© JUNGE FREIHEIT Verlag GmbH & Co. KG www.jungefreiheit.de 39/24 / 20. September 2024

Verwundbar, da arglos
Hybride Bedrohung: Nach Meinung von Experten führt Rußland bereits Krieg gegen die Bundesrepublik
Peter Möller

Die dunklen Rauchwolken über Berlin waren kilometerweit zu sehen. Im Frühjahr richtete ein Großbrand im Berliner Werk des Nürnberger Technologie- und Rüstungskonzerns Diehl im Stadtteil Lichterfelde schweren Schaden an und hielt die Feuerwehr über Tage in Atem. Einer breiteren Öffentlichkeit ist die Sparte Diehl Defence mit Hauptsitz in Überlingen am Bodensee durch die Lieferung des Flugabwehrsystems Iris T an die Ukraine bekannt geworden. 

Der schnell aufkeimende Verdacht, bei dem Feuer könnte es sich also um einen Anschlag russischer Saboteure gehandelt haben, wurde von den Behörden schnell mit dem Hinweis vom Tisch gewischt, der Brand sei in einer Galvanikanlage ausgebrochen, die nicht mit der Rüstungssparte in Zusammenhang stehe. Doch das Feuer bei Diehl ist kein Einzelfall, wie ähnliche Vorkommnisse in Großbritannien und den Vereinigten Staaten nahelegten. Auch wenn die Ermittlungen andauern, zumindest der Verdacht steht im Raum, daß russische Geheimdienste in diesen Fällen ihre Finger im Spiel gehabt haben könnten. 

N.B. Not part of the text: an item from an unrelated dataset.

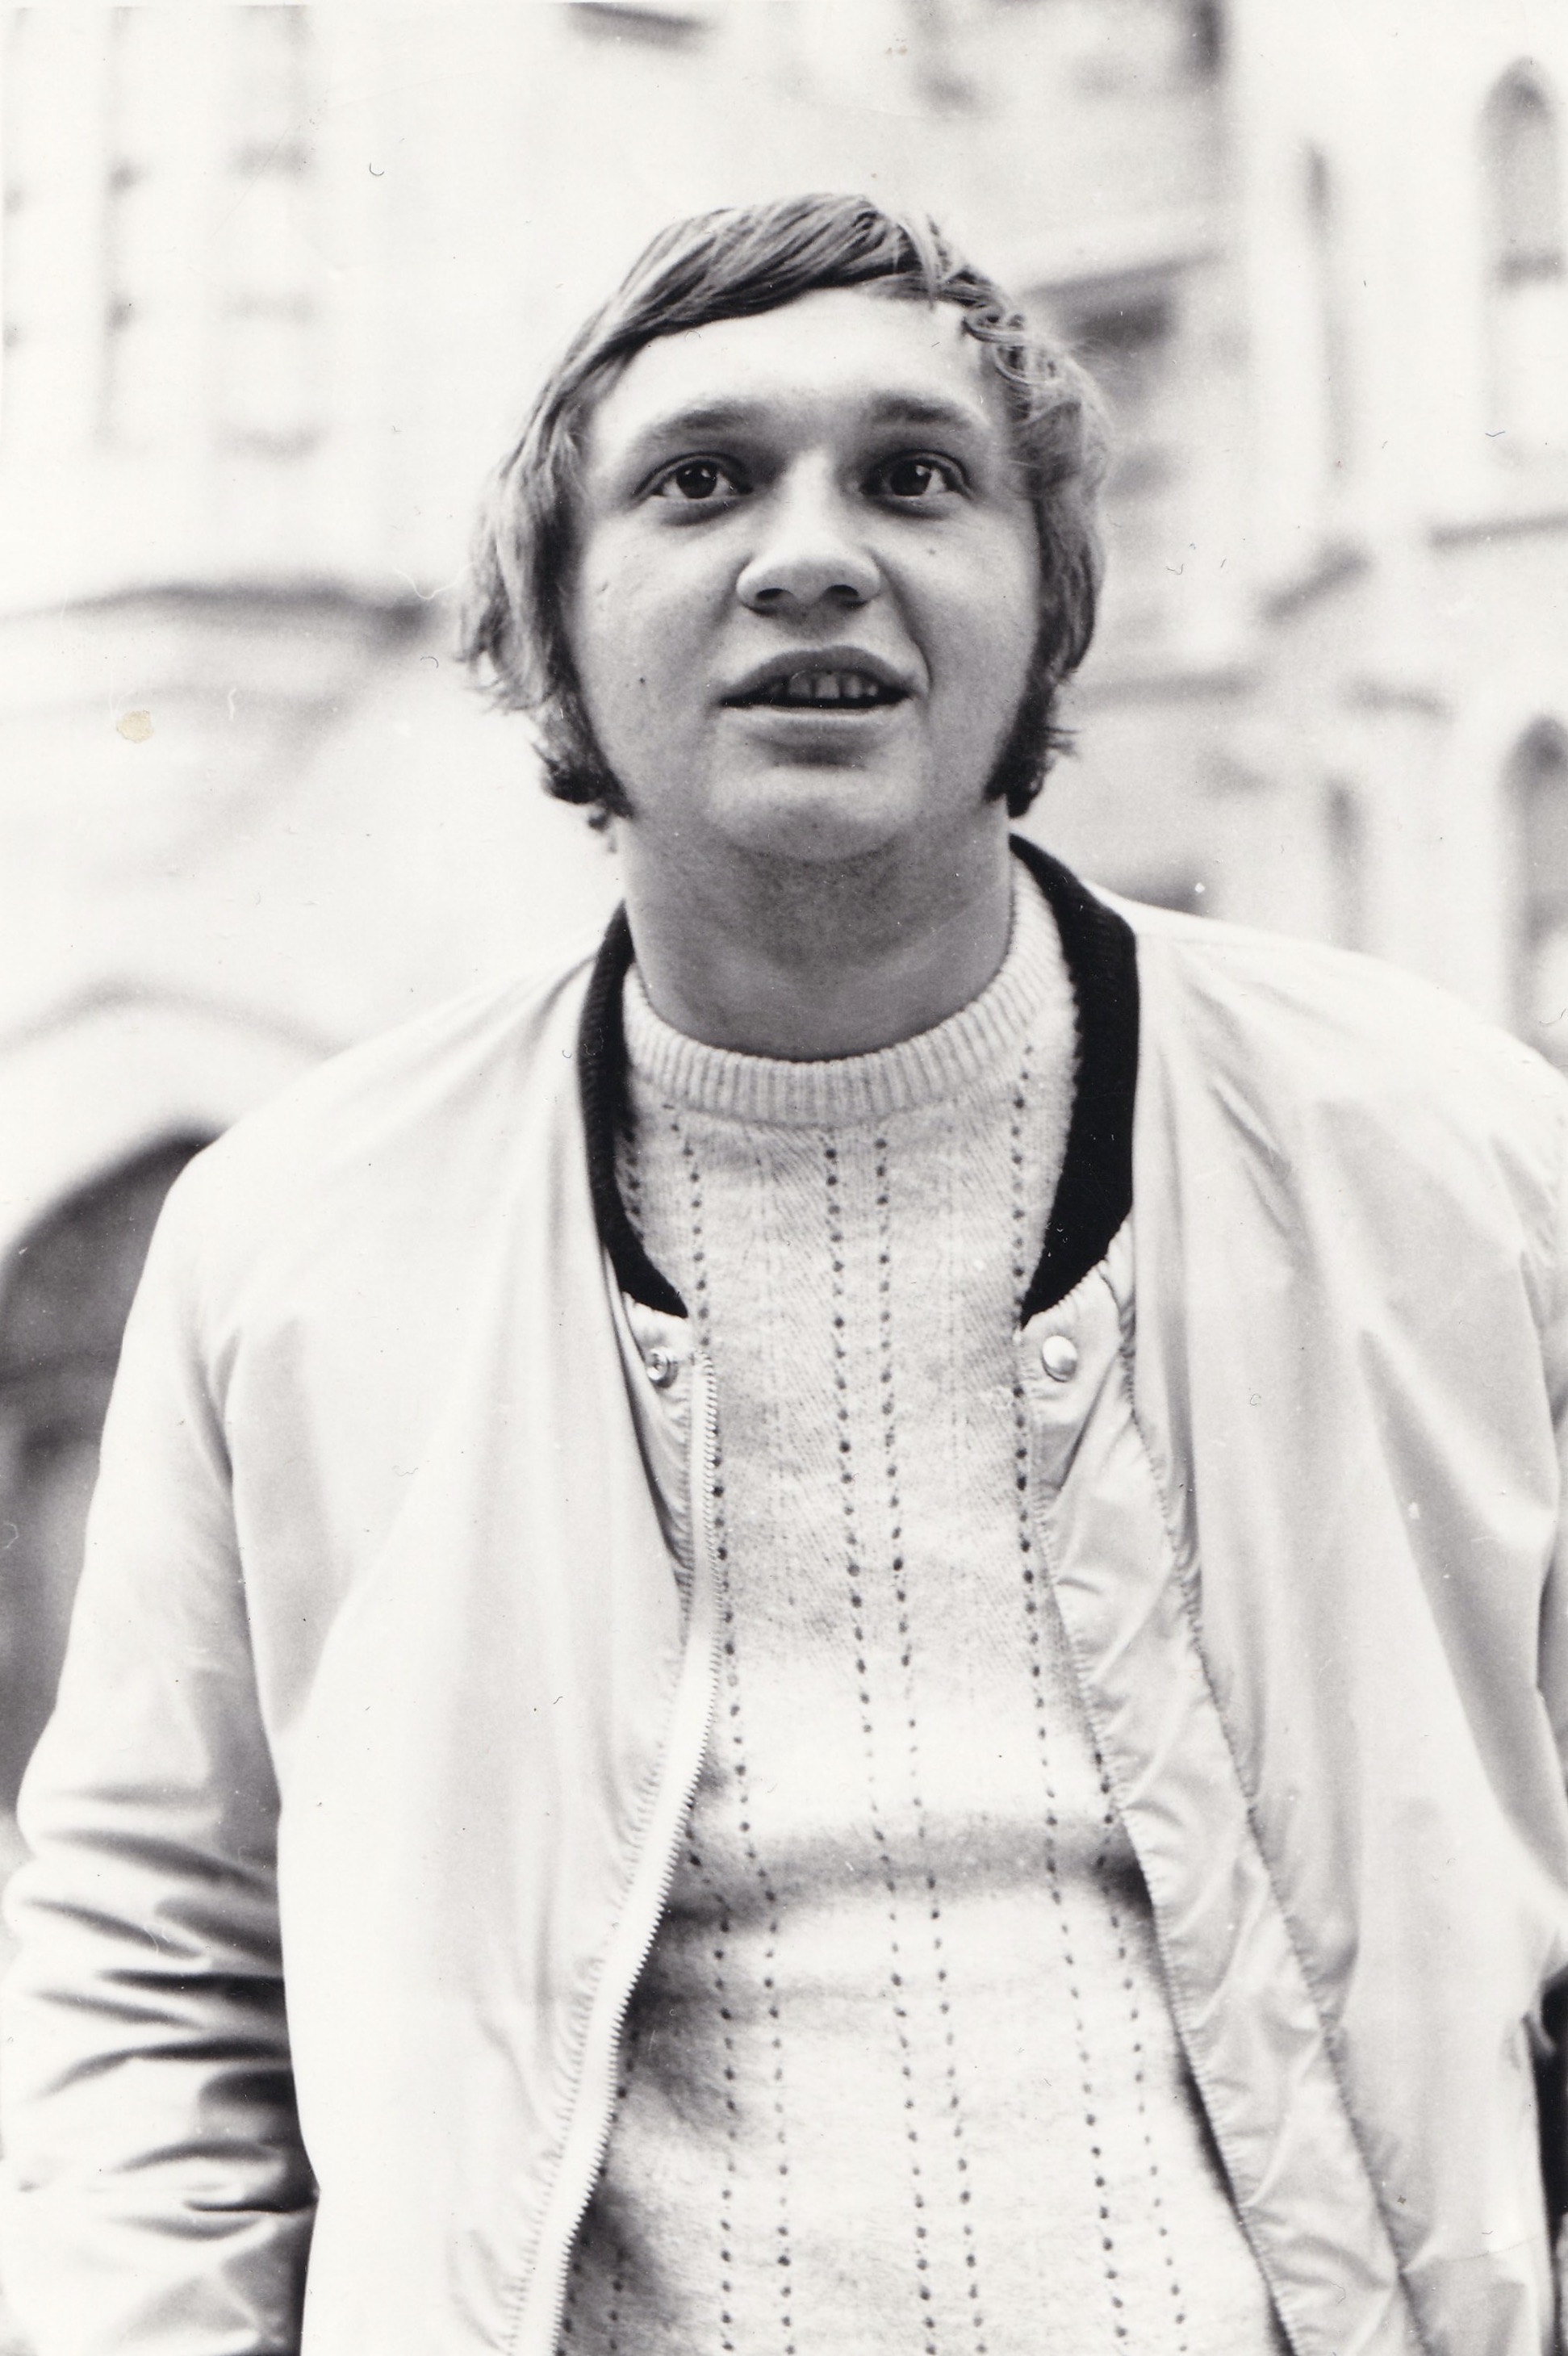 Štěpán Bittner in 1971

Ohne Frage hat Rußland ein strategisches Interesse daran, zu verhindern, daß die Ukraine mit Munition und anderen Rüstungsgütern aus dem Westen versorgt wird. „Rußland ist in den letzten Jahren immer wieder auf Nato-Gebiet aktiv geworden“, sagte der österreichische Militärexperte Markus Reisner dem Sender n-tv.  „Bereits vor und nach 2014 hat man gezielt versucht, Munitionsdepots in Bulgarien und Tschechien in die Luft zu sprengen, was teilweise gelungen ist.“ Ende Juni tauchten dann Berichte auf, nach denen ein ausländischer Geheimdienst die deutschen Behörden über abgefangene elektronische Nachrichten informiert hat, die auf eine russische Beteiligung an dem Feuer in dem Berliner Diehl-Werk hindeuten. 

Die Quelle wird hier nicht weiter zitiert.